WHAT IS NEEDED:
Quote the whole listing word for word. Do not include the pictures.

RECORDED DATA:
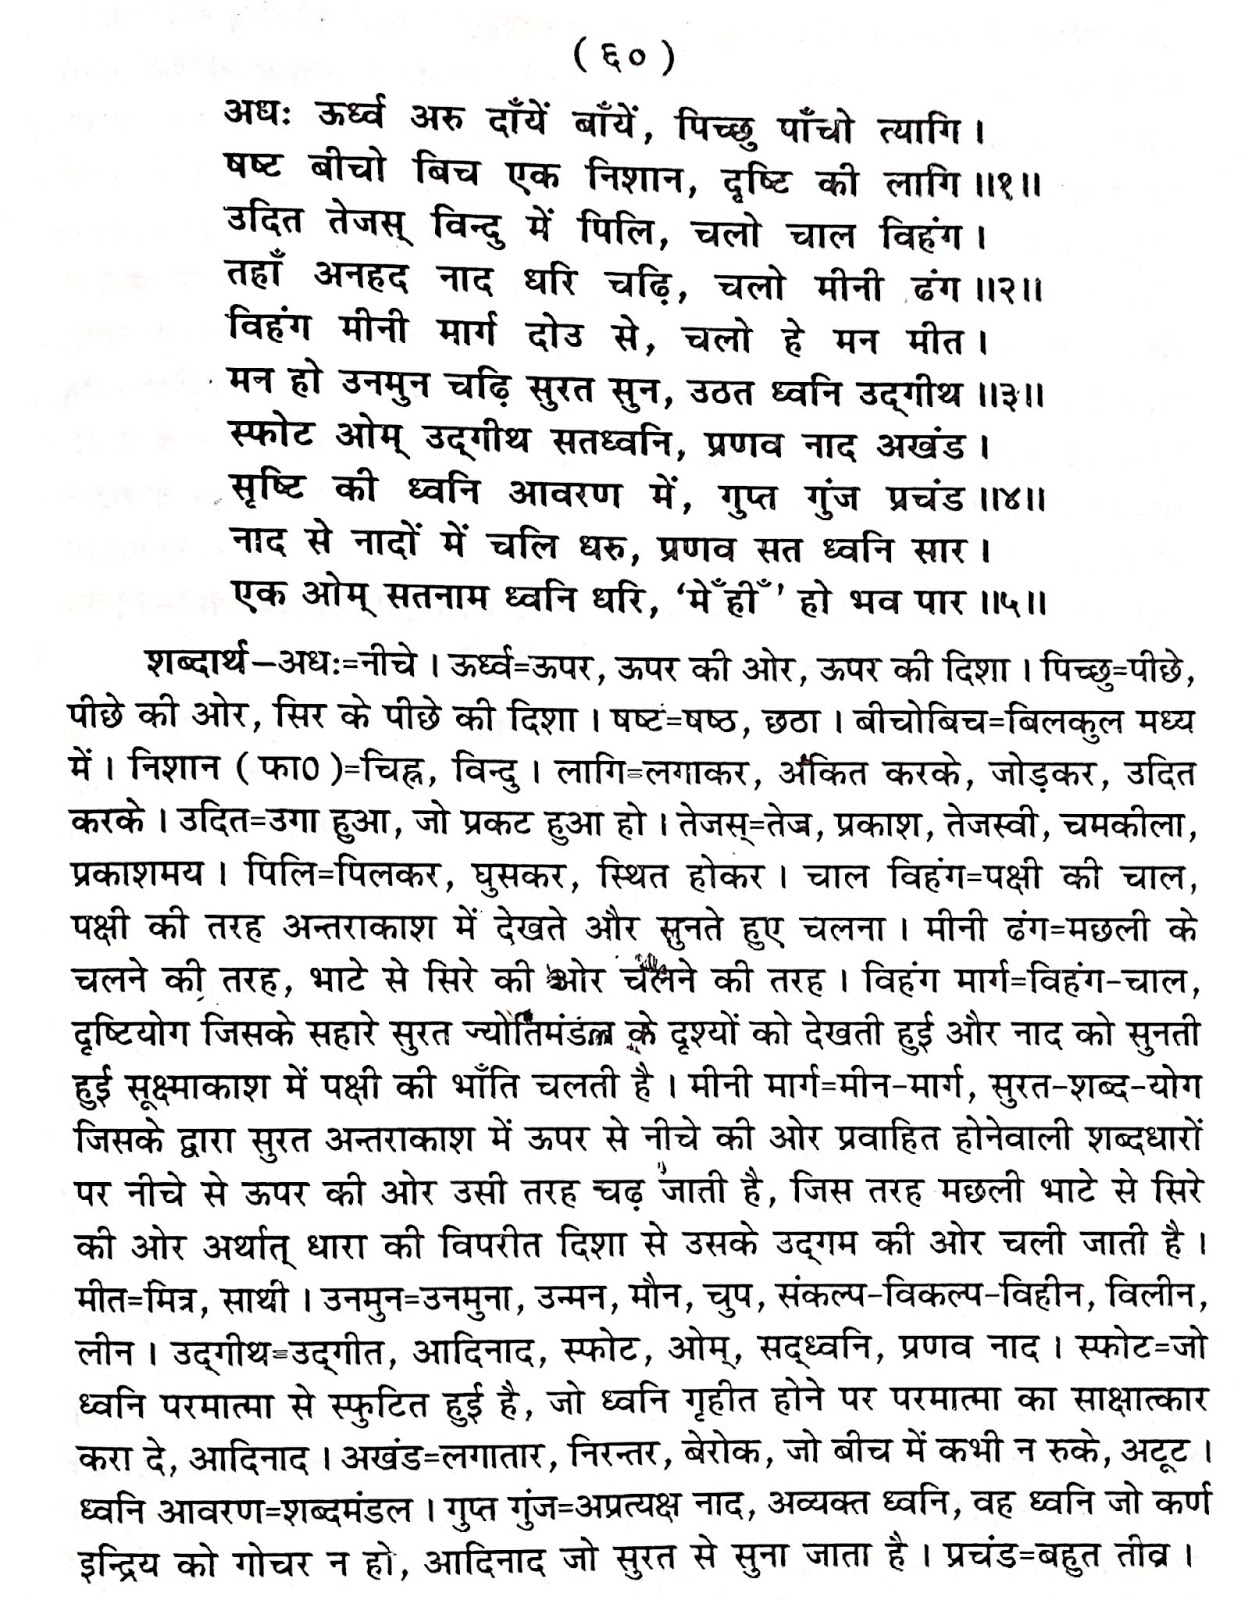 "P60, Complete knowledge of Vindu meditation? ""अध: ऊर्ध्व अरु दांएं बांएं।..."" महर्षि मेंहीं पदावली अर्थ सहित। पदावली भजन 60 और शब्दार्थ। विंदु ध्यान।"
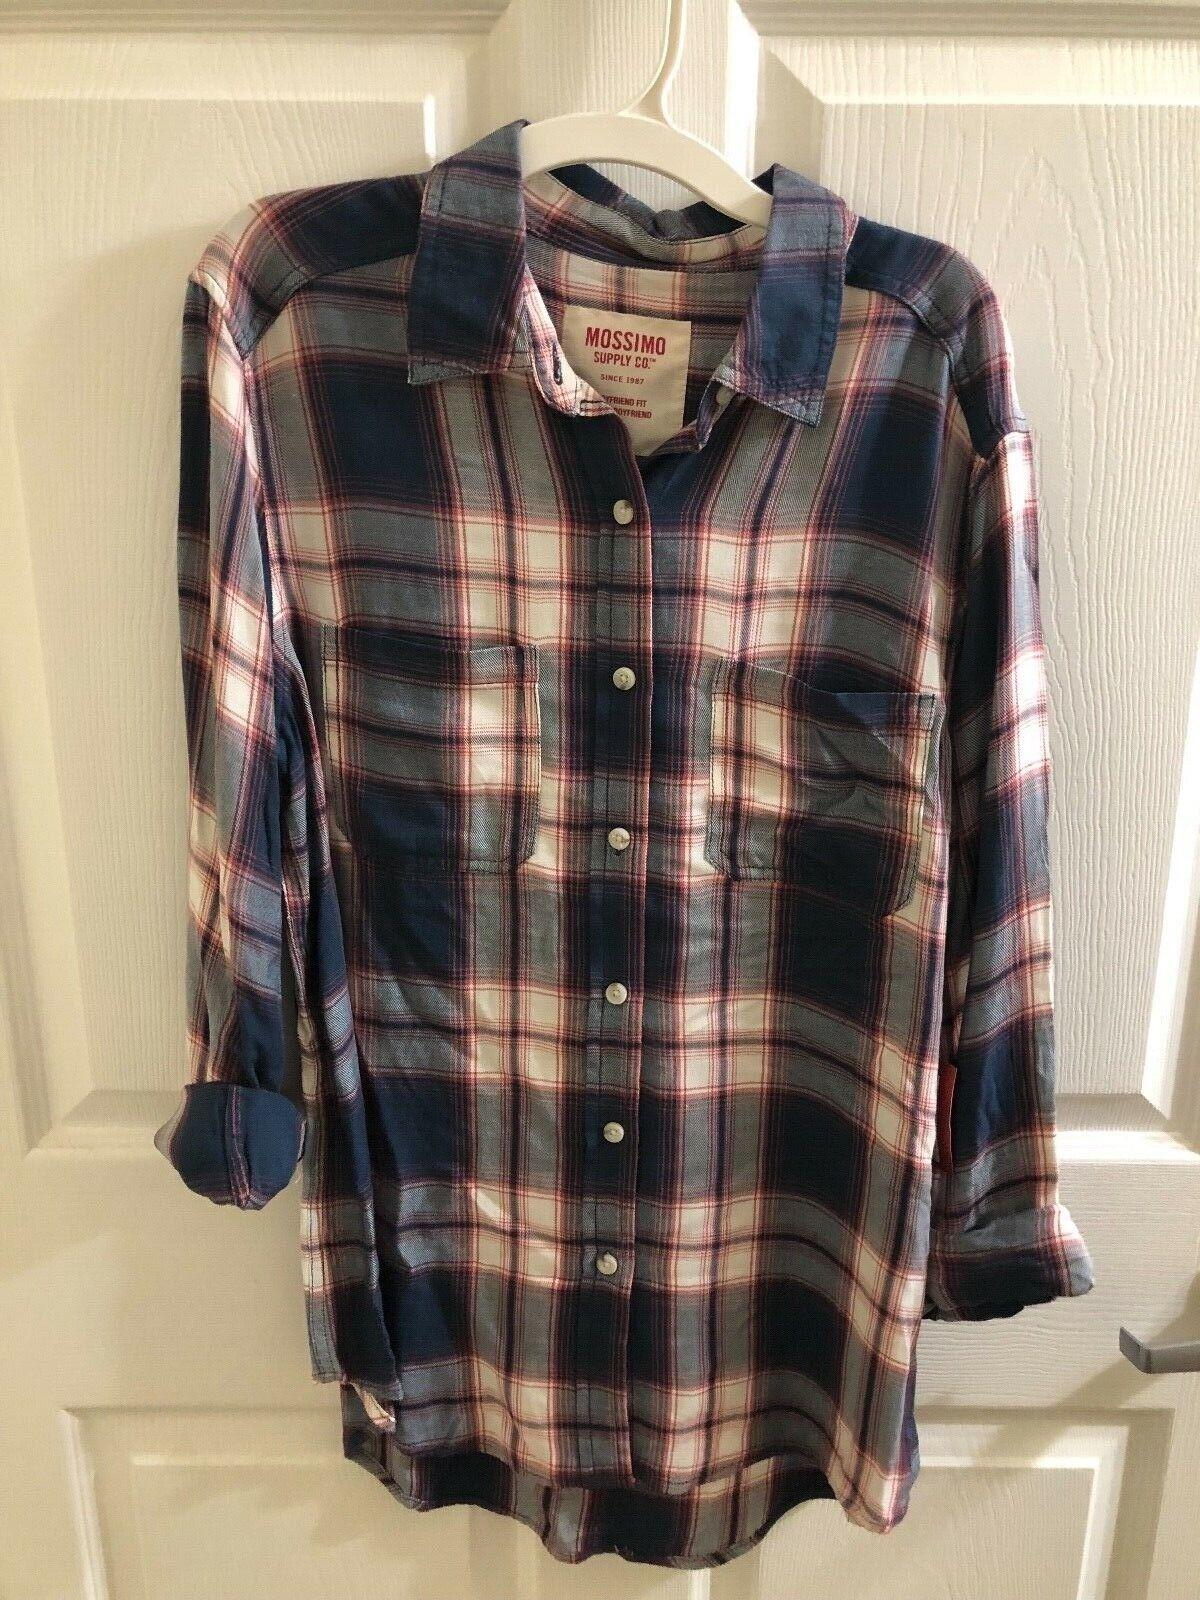 Mossimo Supply Co - Women's Navy Flannel Shirt - Boyfriend F
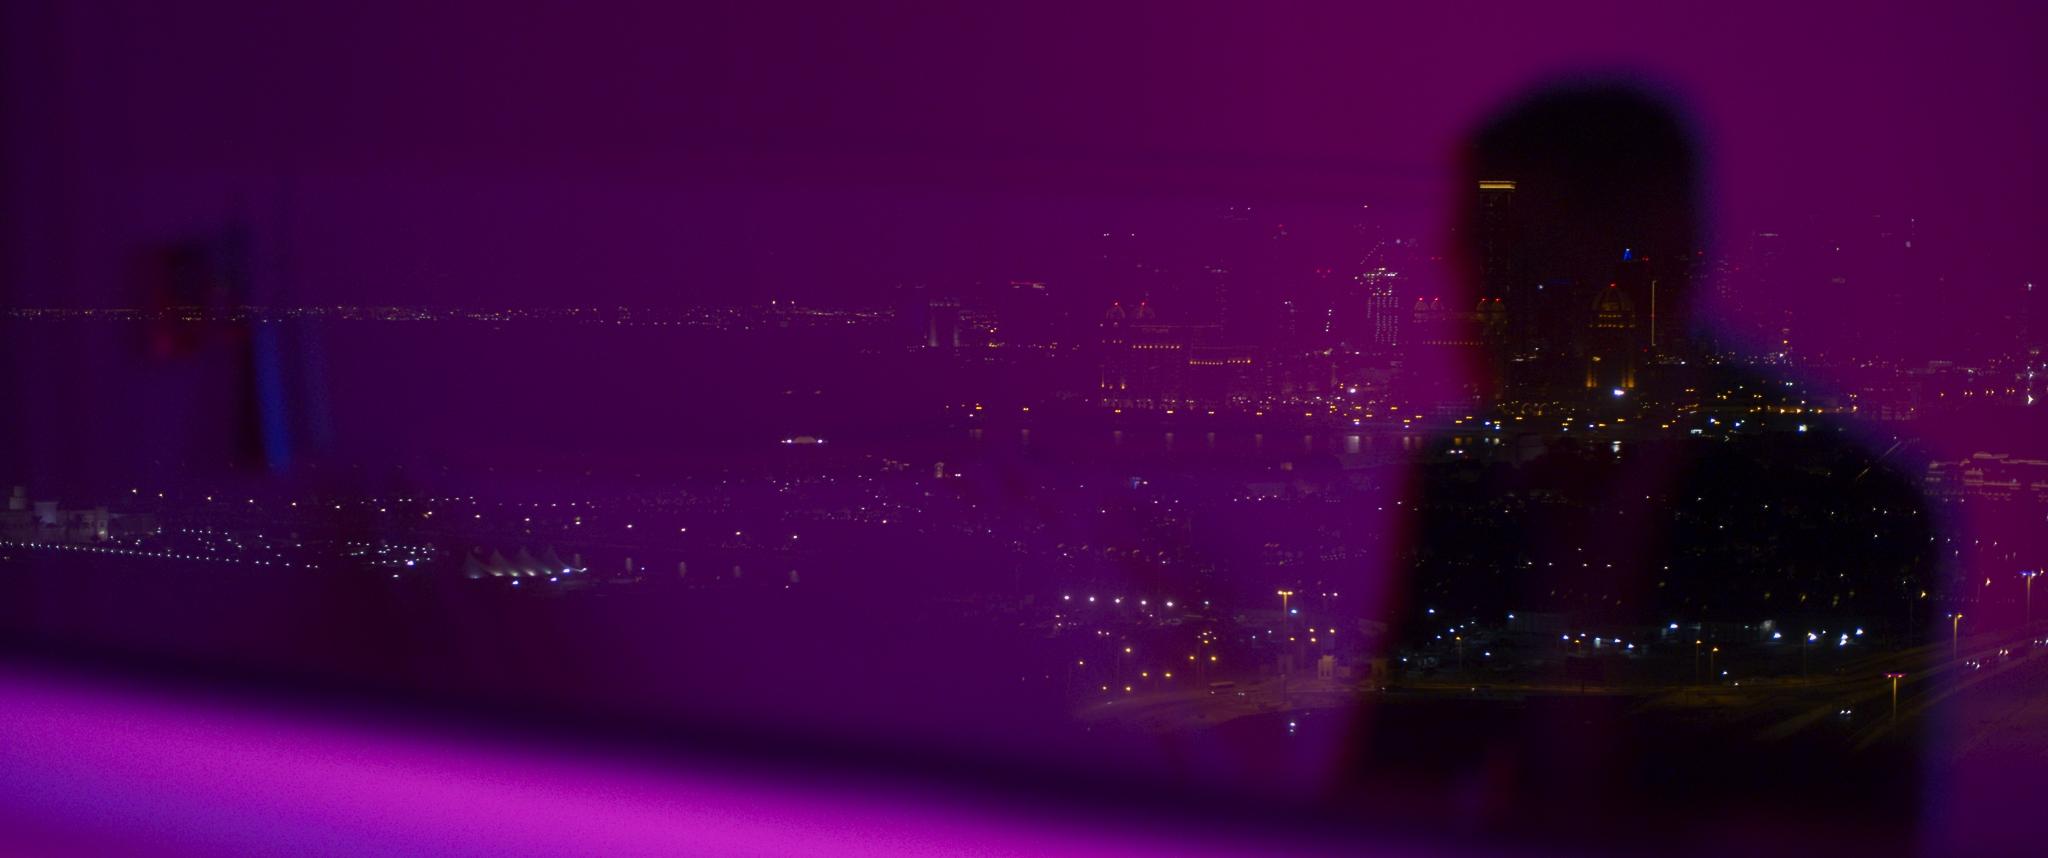 MondrianHotel_Film_1.73.1
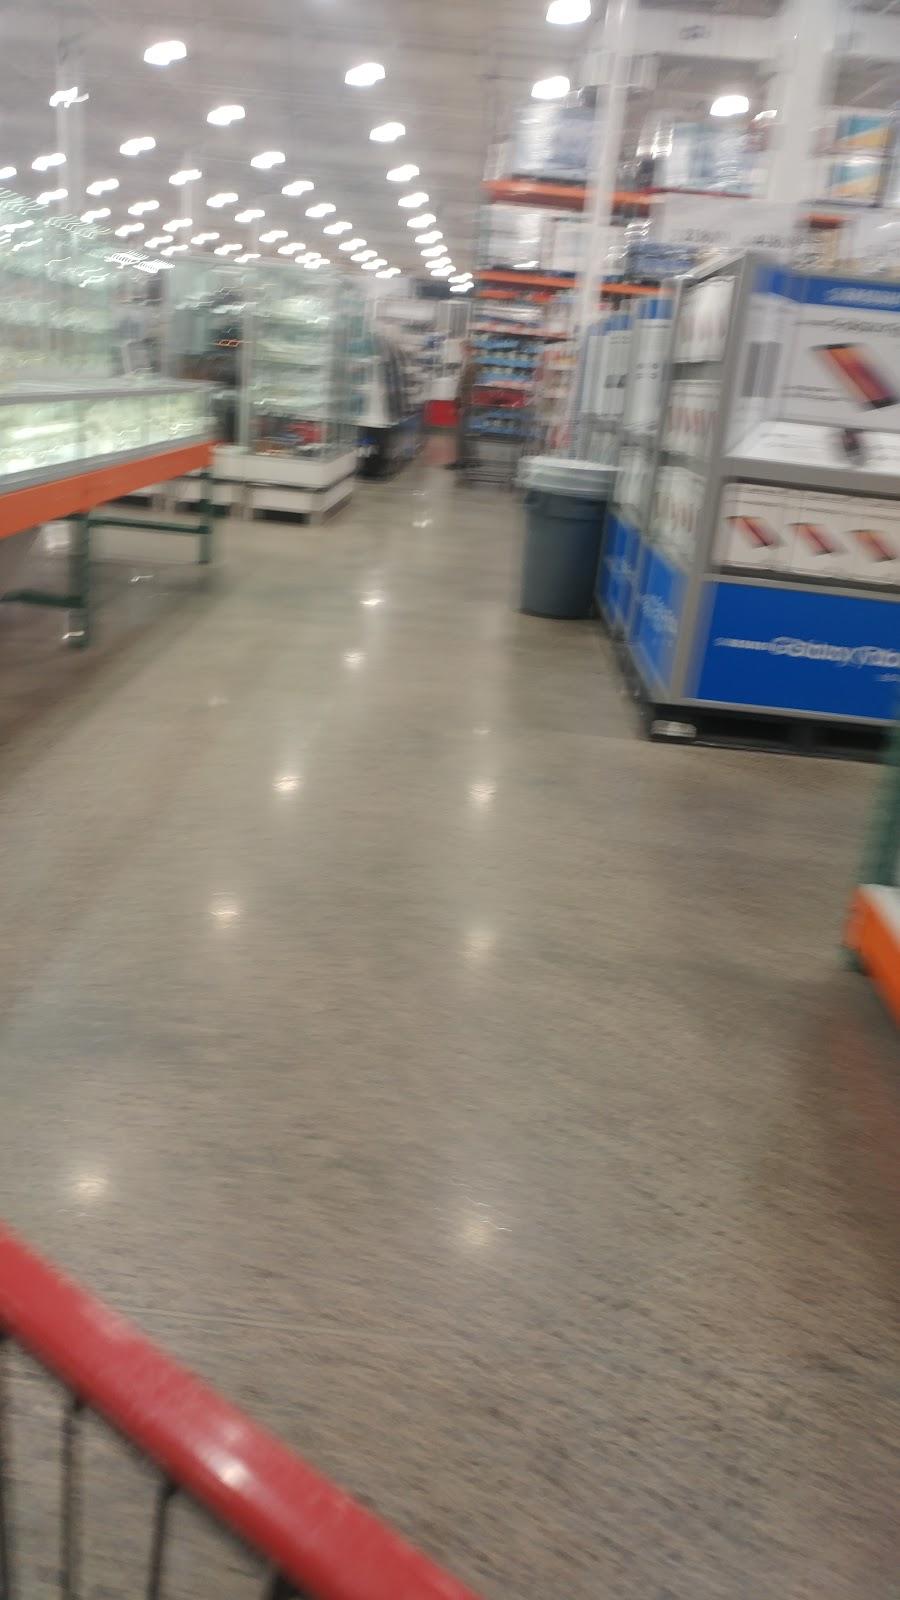 Costco Gas | gas station | 300 Bridge St, Montreal, QC H3K 2C3, Canada | 5149385170 OR +1 514-938-5170

EXERCISE ANSWER:
 "P60, Complete knowledge of Vindu meditation? ""अध: ऊर्ध्व अरु दांएं बांएं।..."" महर्षि मेंहीं पदावली अर्थ सहित। पदावली भजन 60 और शब्दार्थ। विंदु ध्यान।"
 Mossimo Supply Co - Women's Navy Flannel Shirt - Boyfriend F
 MondrianHotel_Film_1.73.1
 Costco Gas | gas station | 300 Bridge St, Montreal, QC H3K 2C3, Canada | 5149385170 OR +1 514-938-5170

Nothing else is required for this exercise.